> [Description of the task] Your answer should hold exactly the lines below from the line with "Collage of young" through the line with "The dreamer can", both included, and no pictures at all.

> [Provided data]
===============
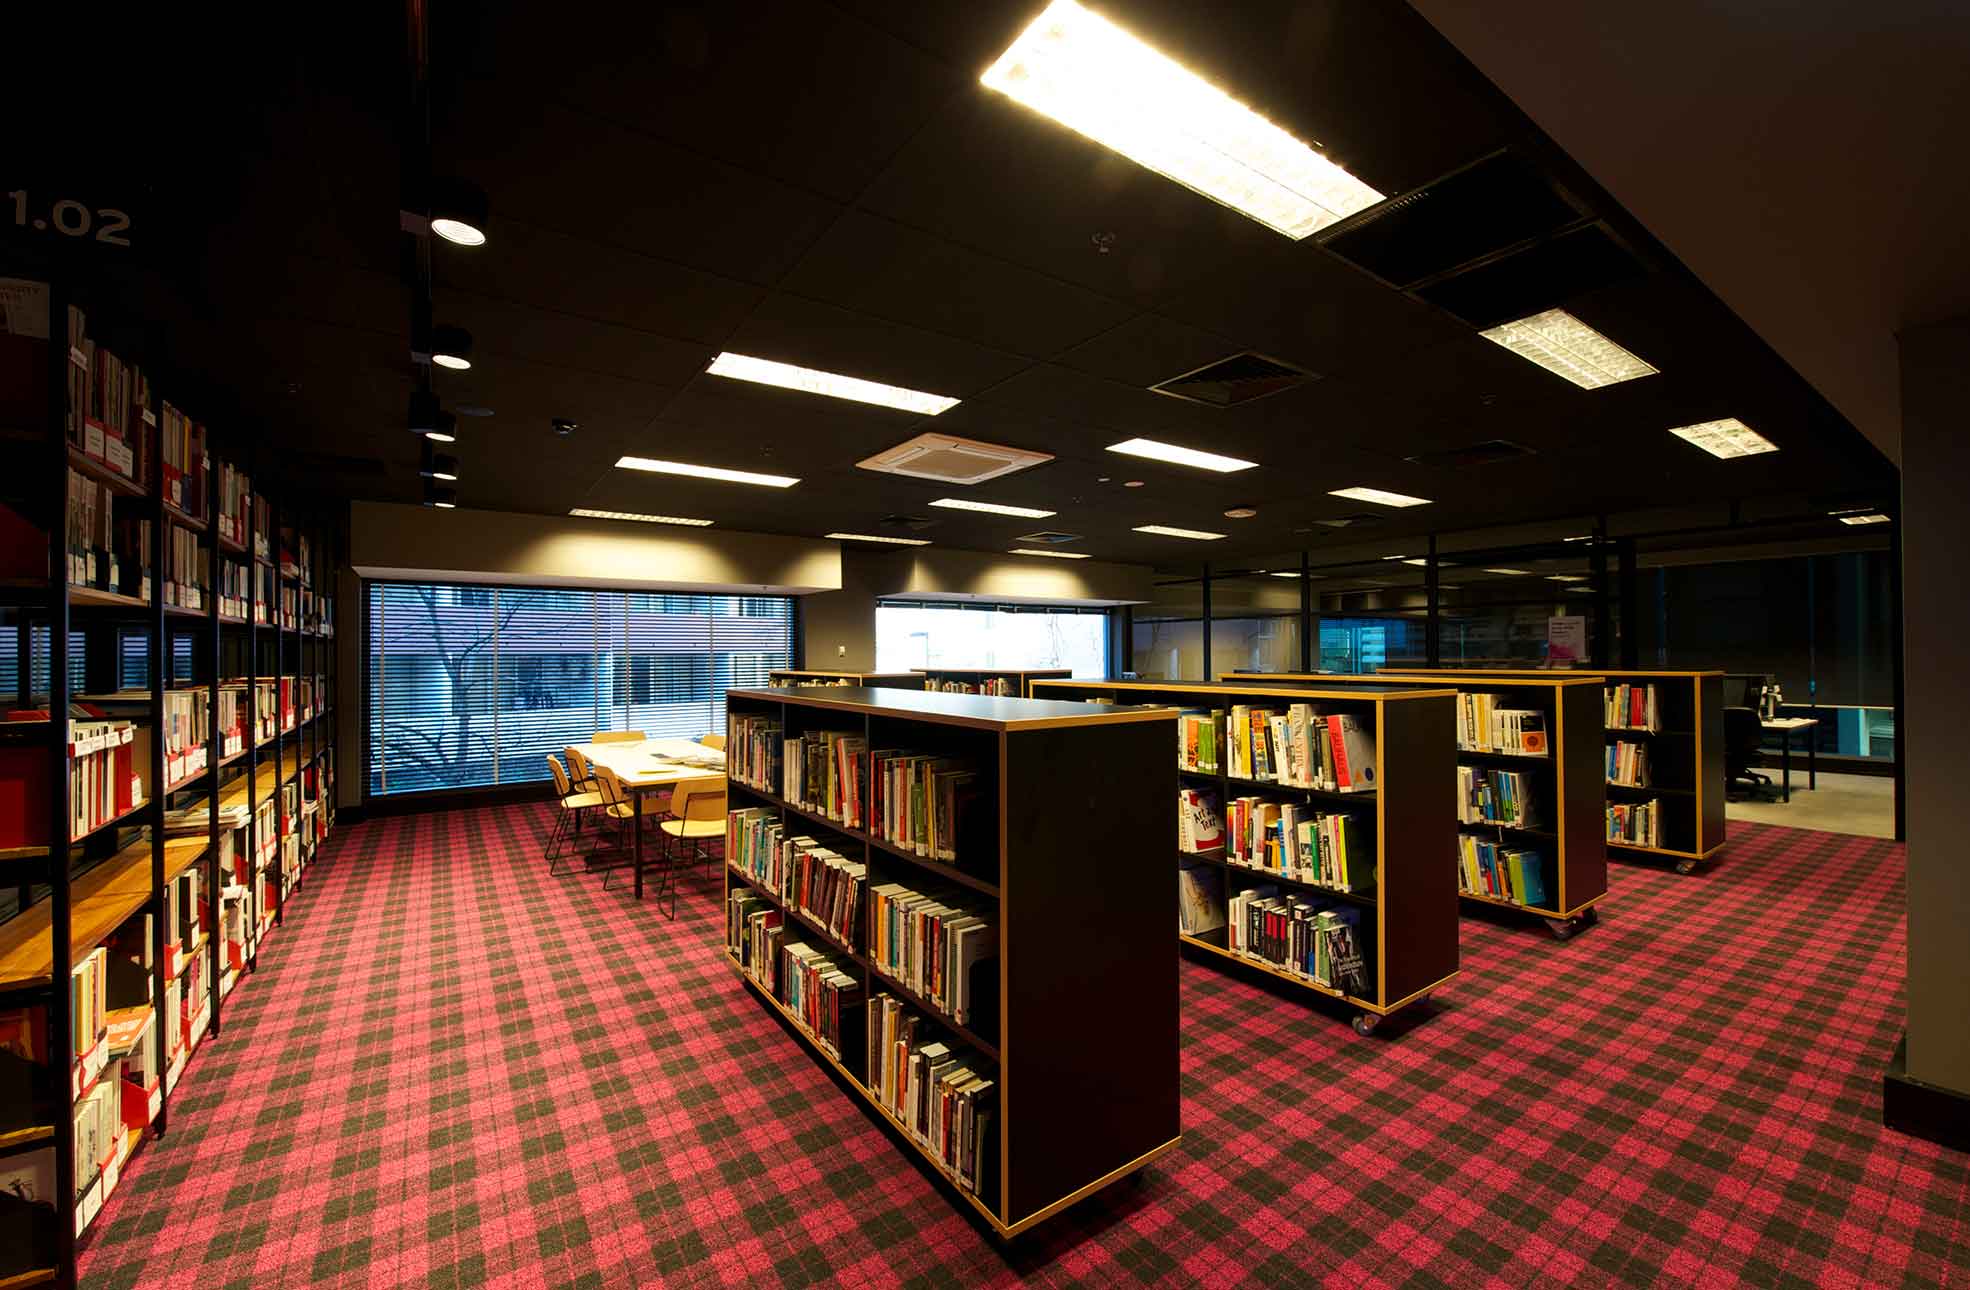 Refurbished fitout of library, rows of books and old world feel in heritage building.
===============
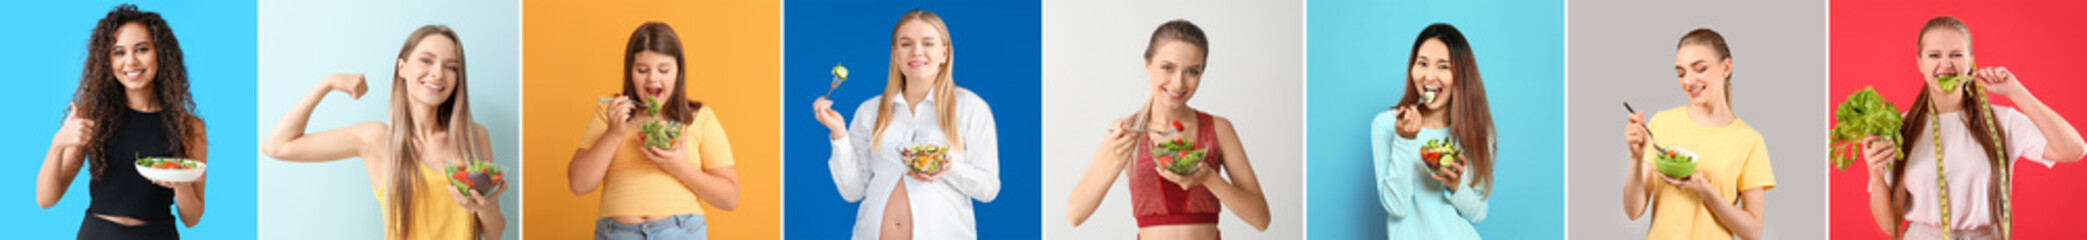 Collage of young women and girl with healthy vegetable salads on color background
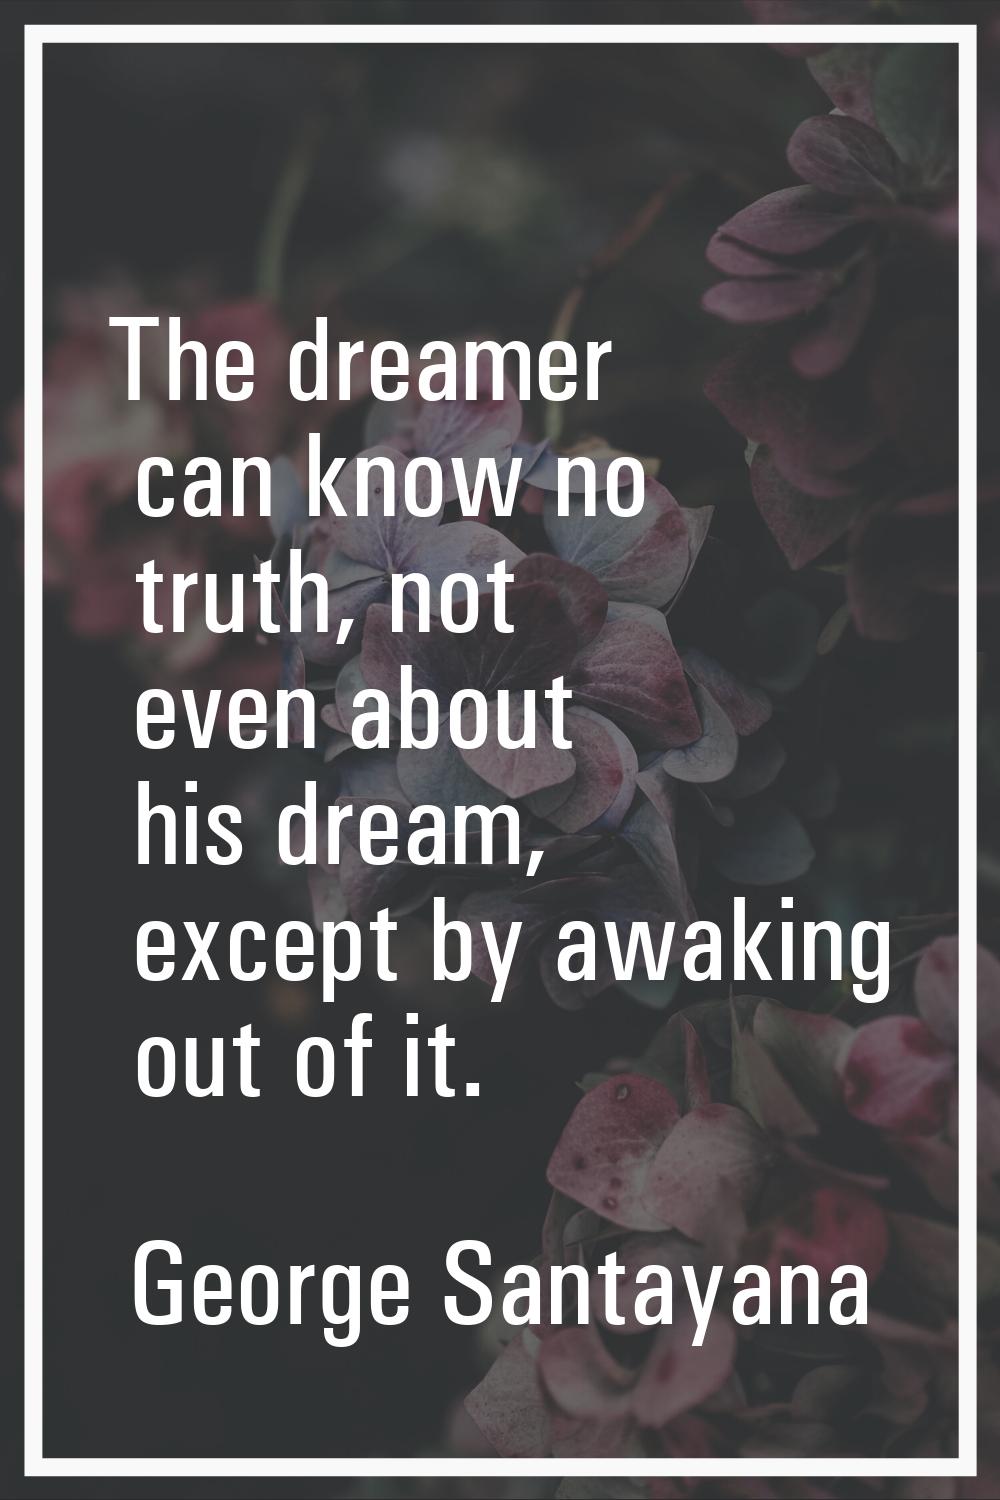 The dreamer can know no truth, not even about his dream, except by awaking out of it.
===============
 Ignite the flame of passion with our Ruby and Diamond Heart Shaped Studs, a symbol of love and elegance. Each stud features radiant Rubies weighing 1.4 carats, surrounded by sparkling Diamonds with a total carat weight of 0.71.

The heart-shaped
===============
> [Written solution]
 Collage of young women and girl with healthy vegetable salads on color background
 The dreamer can know no truth, not even about his dream, except by awaking out of it.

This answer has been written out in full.